Sharjah’s Government has no immediate plans to issue new sukuk, says the director of its debt management office.
“We will keep this as an option, but right now we don’t have the budgetary need or financial capacity for it,” said Tom Koczwara, a director of the emirate’s finance department, at the London Sukuk Summit on Wednesday.
Sharjah’s US$750 million sukuk issue last year, its first, deepened local capital markets, he said.
“The private market has become much more benign. Investors see that there’s a benchmark, and even though it is only a single data point, companies can extrapolate a hypothetical yield curve,” said Mr Koczwara.

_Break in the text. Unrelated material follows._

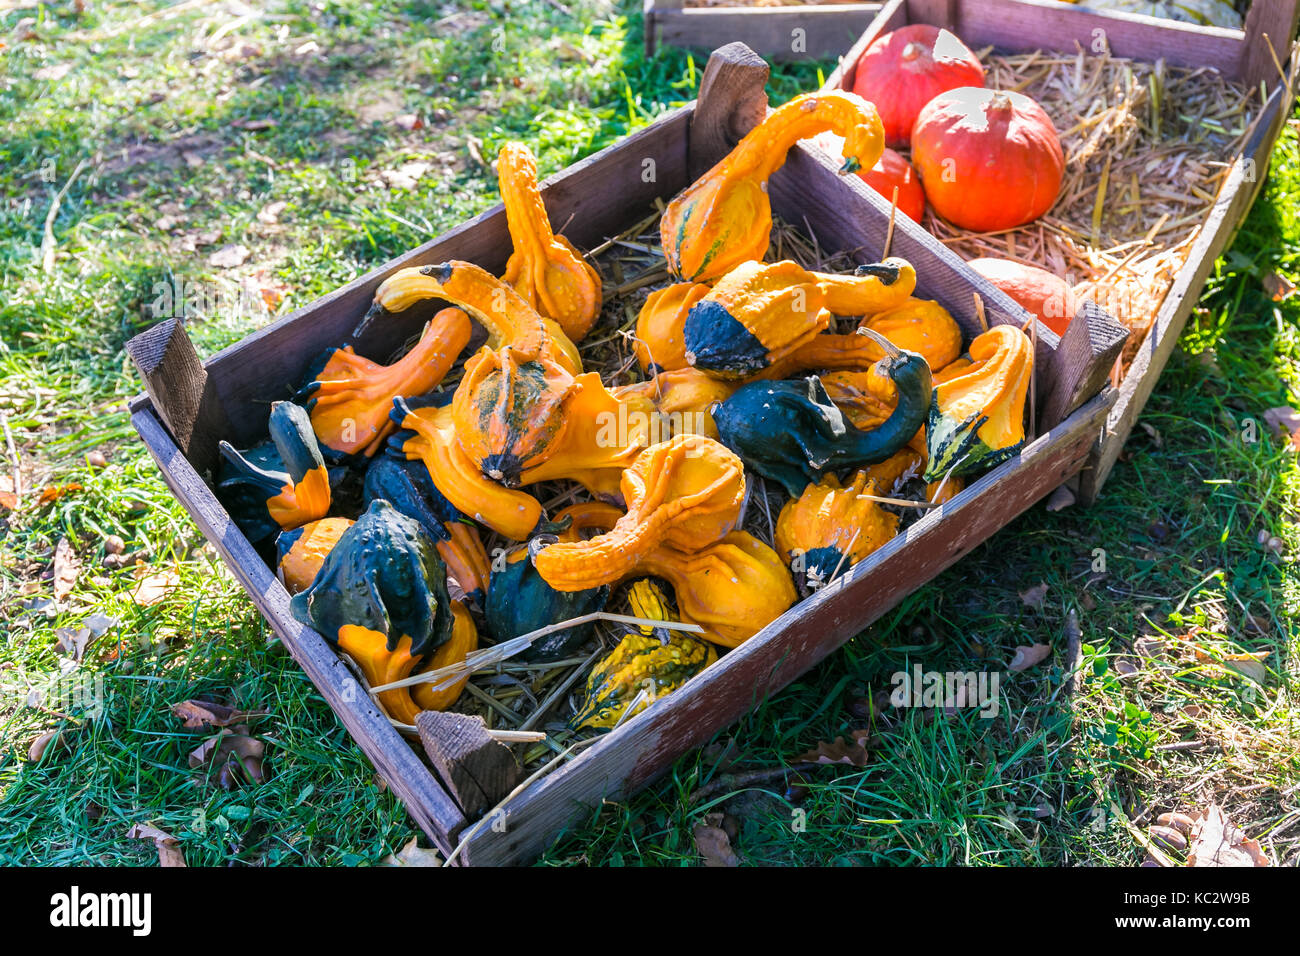 MERODE, GERMANY - SEPTEMBER 23, 2017 - Pumpkins for sale on a farm market. - Stock Image

Sharjah’s sukuk with a 10-year tenor drew more than 200 investors with orders worth $7.85 billion. The sukuk was more than 10 times oversubscribed.
Prior to its sukuk issue, Sharjah had financed its spending through informal bank facilities.
Its sukuk was given an A3 credit rating, an investment grade four notches above junk, from the credit ratings agency Moody’s last year.
Sharjah’s economy, with a significant small- and medium-sized manufacturing sector, is more diversified than other emirates and Arabian Gulf states, according to Moody’s.
It is a net oil importer, which means that the slump in oil prices to about $63 a barrel from about $110 a barrel in the middle of last year should have a limited impact on Sharjah’s economy.
The emirate’s relatively stable fiscal position means it is unlikely to face an urgent short-term need for new financing.
Sharjah is expected to run a small budget deficit of 2.2 per cent of GDP, according to Moody’s, after the emirate raised its budgeted spending this year to Dh17.7bn, 12 per cent above the Dh15.4bn spent last year.
The emirate has outstanding debt of just under 10 per cent of GDP – below other emirates’ average of 26.2 per cent – which is low by global standards.
But Moody’s said the Sharjah Electricity and Water Authority’s financial health could significantly affect this year’s budget deficit.
The authority holds as much debt as Sharjah’s Government and required financial aid from the state last year as energy costs rose.